The Case for a Creator - Lee Strobel [82]
Then I cheered from afar in the mid-1970s as Drake and Sagan beamed a message of greeting to the great globular cluster M13, which is a concentration of a quarter million stars in the constellation Hercules. While I knew there wasn’t much practical science involved with this intragalactic phone call—it would take more than twenty-two thousand years for the message to reach its destination—nevertheless there was something romantic and adventurous about trying to communicate with the civilizations that most assuredly populated those distant stars.
All of this helped form my perspective as I would gaze over the years at the twinkling stars in the dark heavens. But now my attitude was changing. After studying the latest evidence from various scientific disciplines—from astronomy to cosmology to geology to oceanography to microbiology—my conclusions were being tugged in the opposite direction.
It’s turning out that the Earth is anything but ordinary, that our sun is far from average, and that even the position of our planet in the galaxy is eerily fortuitous. The idea that the universe is a flourishing hothouse of advanced civilizations is now being undermined by surprising new scientific discoveries and fresh thinking.

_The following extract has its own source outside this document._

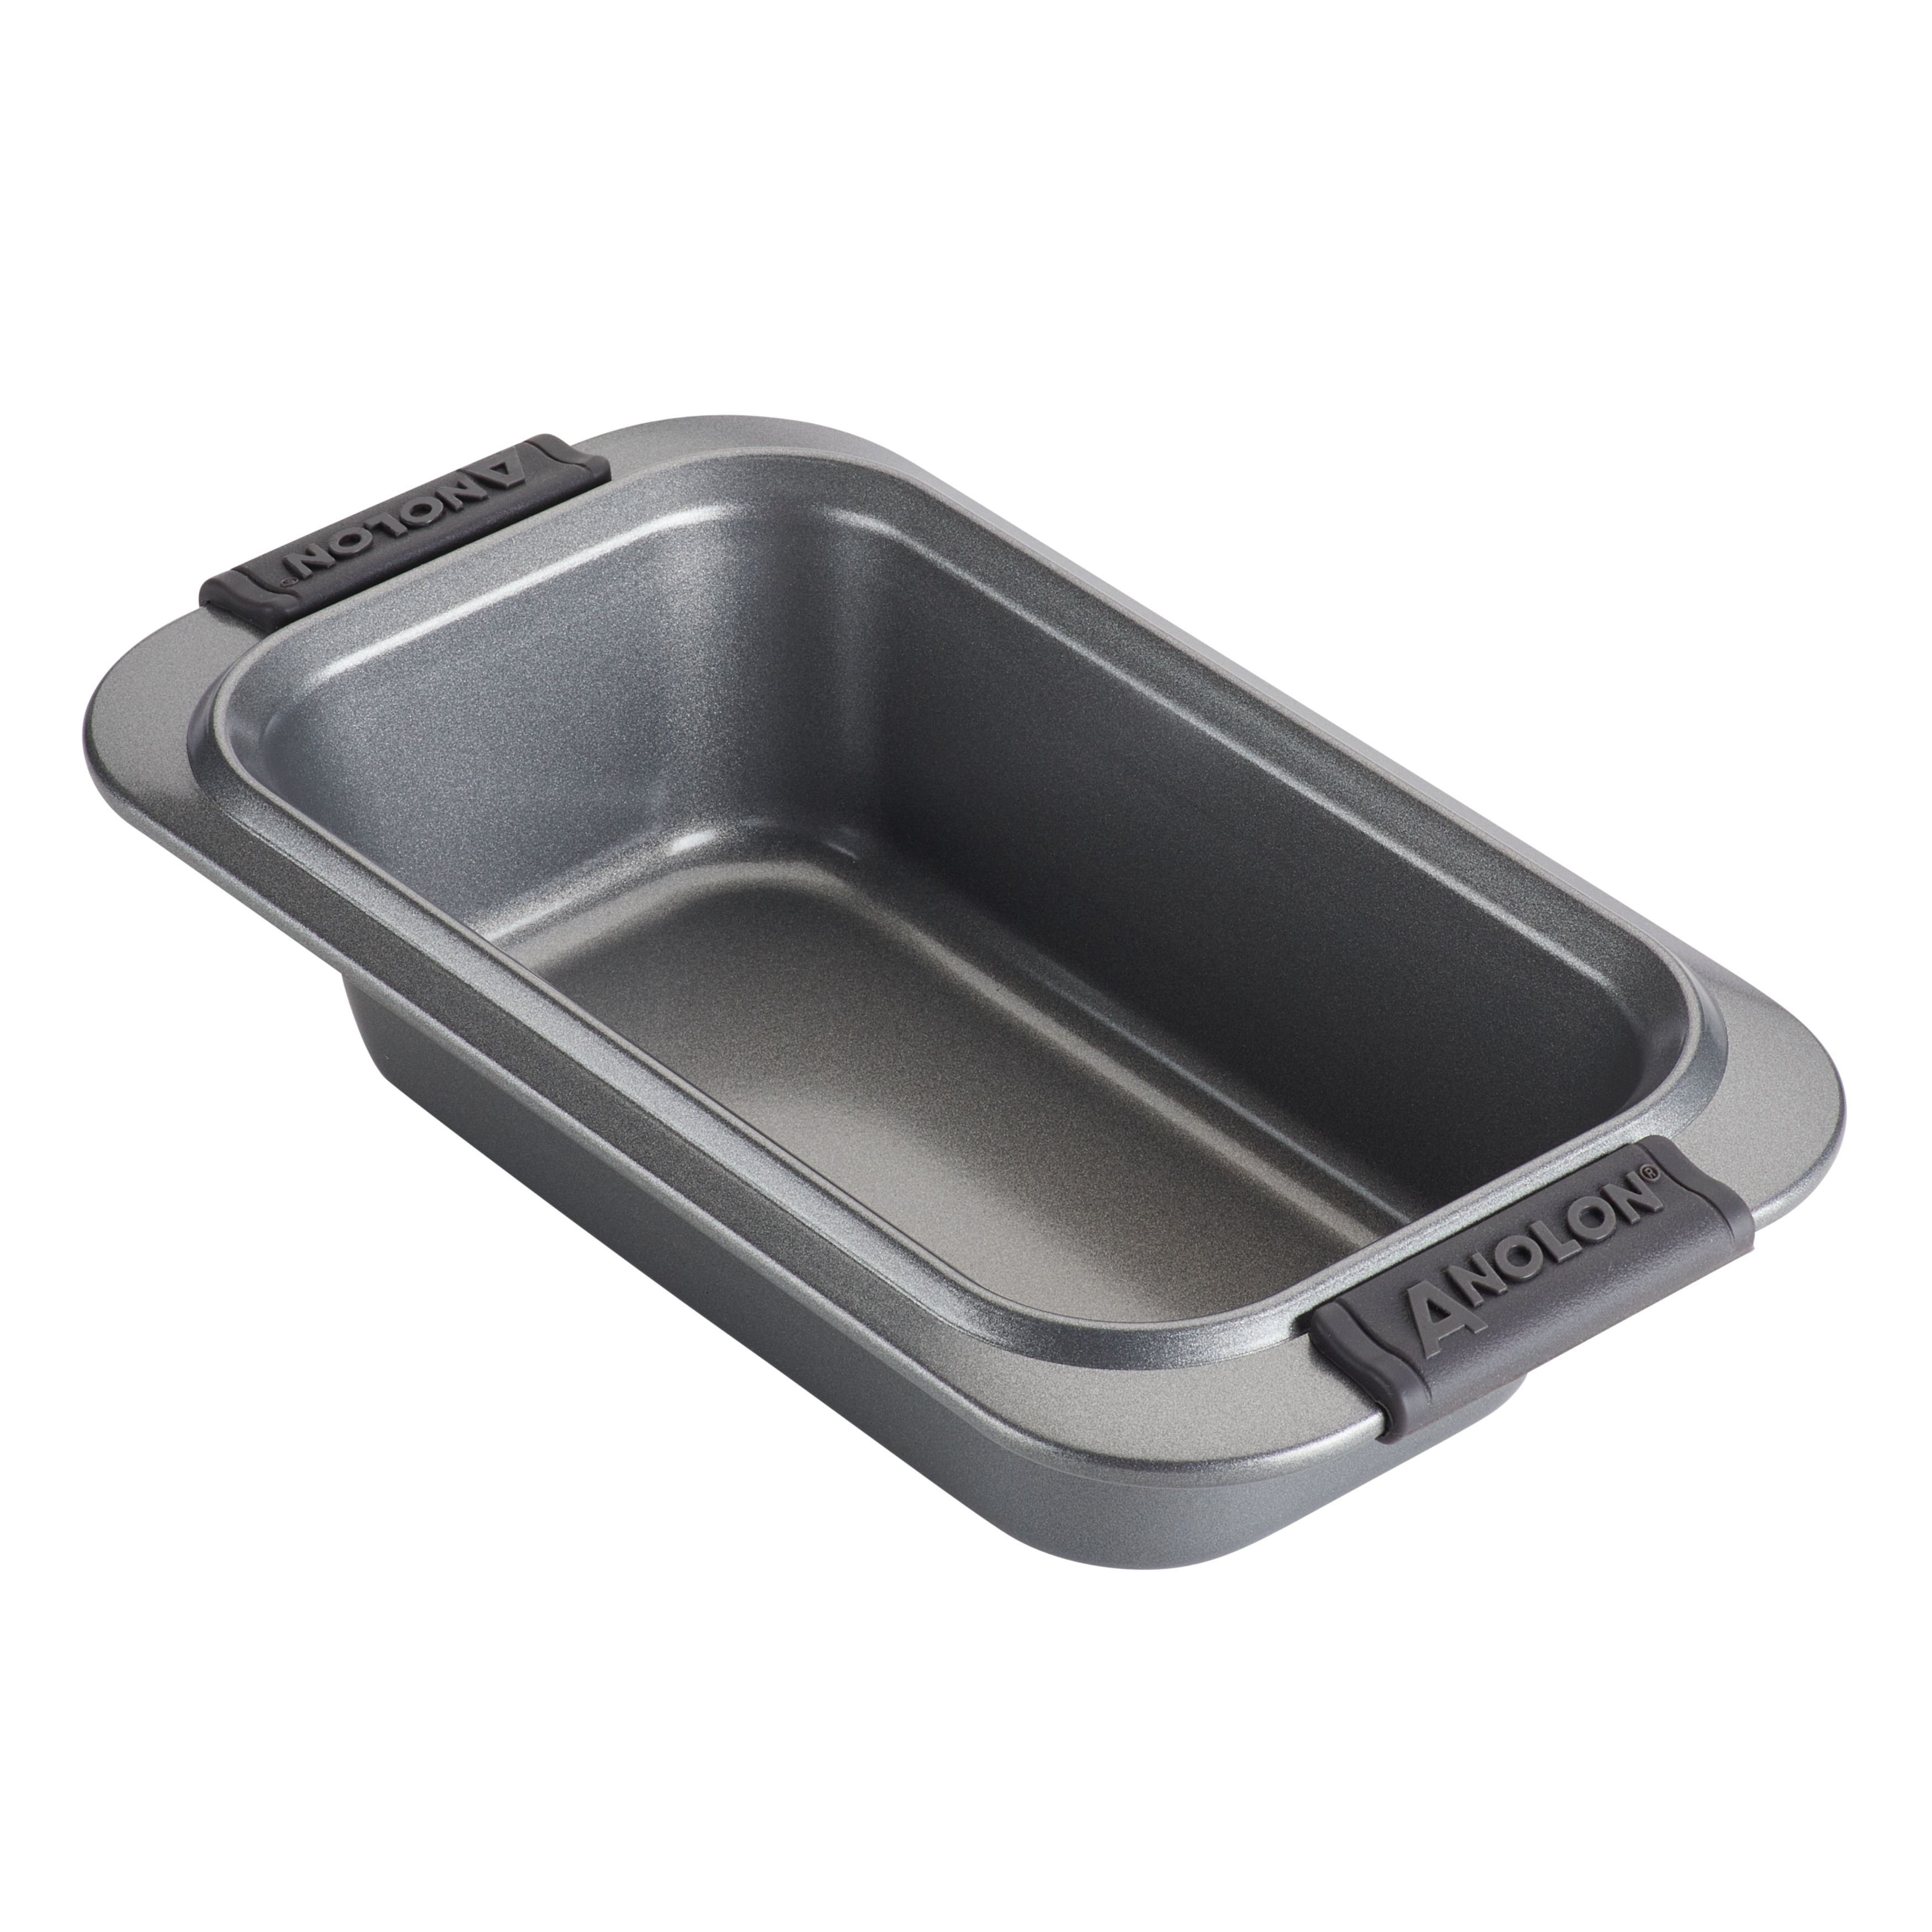 Anolon Advanced Nonstick Bakeware Loaf Pan, 9-Inch x 5-Inch with Silicone  Grips

In short, new findings are suggesting that we are special. More and more scientists are studying the mind-boggling convergence of scores of extraordinary “coincidences” that make intelligent life possible on Earth and concluding that this can’t possibly be an accident. They’re seeing signs of design, a kind of unlikely fine-tuning for life similar to the fine-tuning of physics that we explored in the previous chapter.
In fact, said one noted researcher, “new evidence which could potentially have refuted the [design] hypothesis has only ended up confirming it.” 11 Once again, we find the evidence of science pointing in the direction of a Creator.
And rather than our lives being purposeless, scientists for the first time are uncovering concrete evidence that suggests at least one surprising purpose for which we were created—that is, to discover and learn about the surroundings in which we have been placed.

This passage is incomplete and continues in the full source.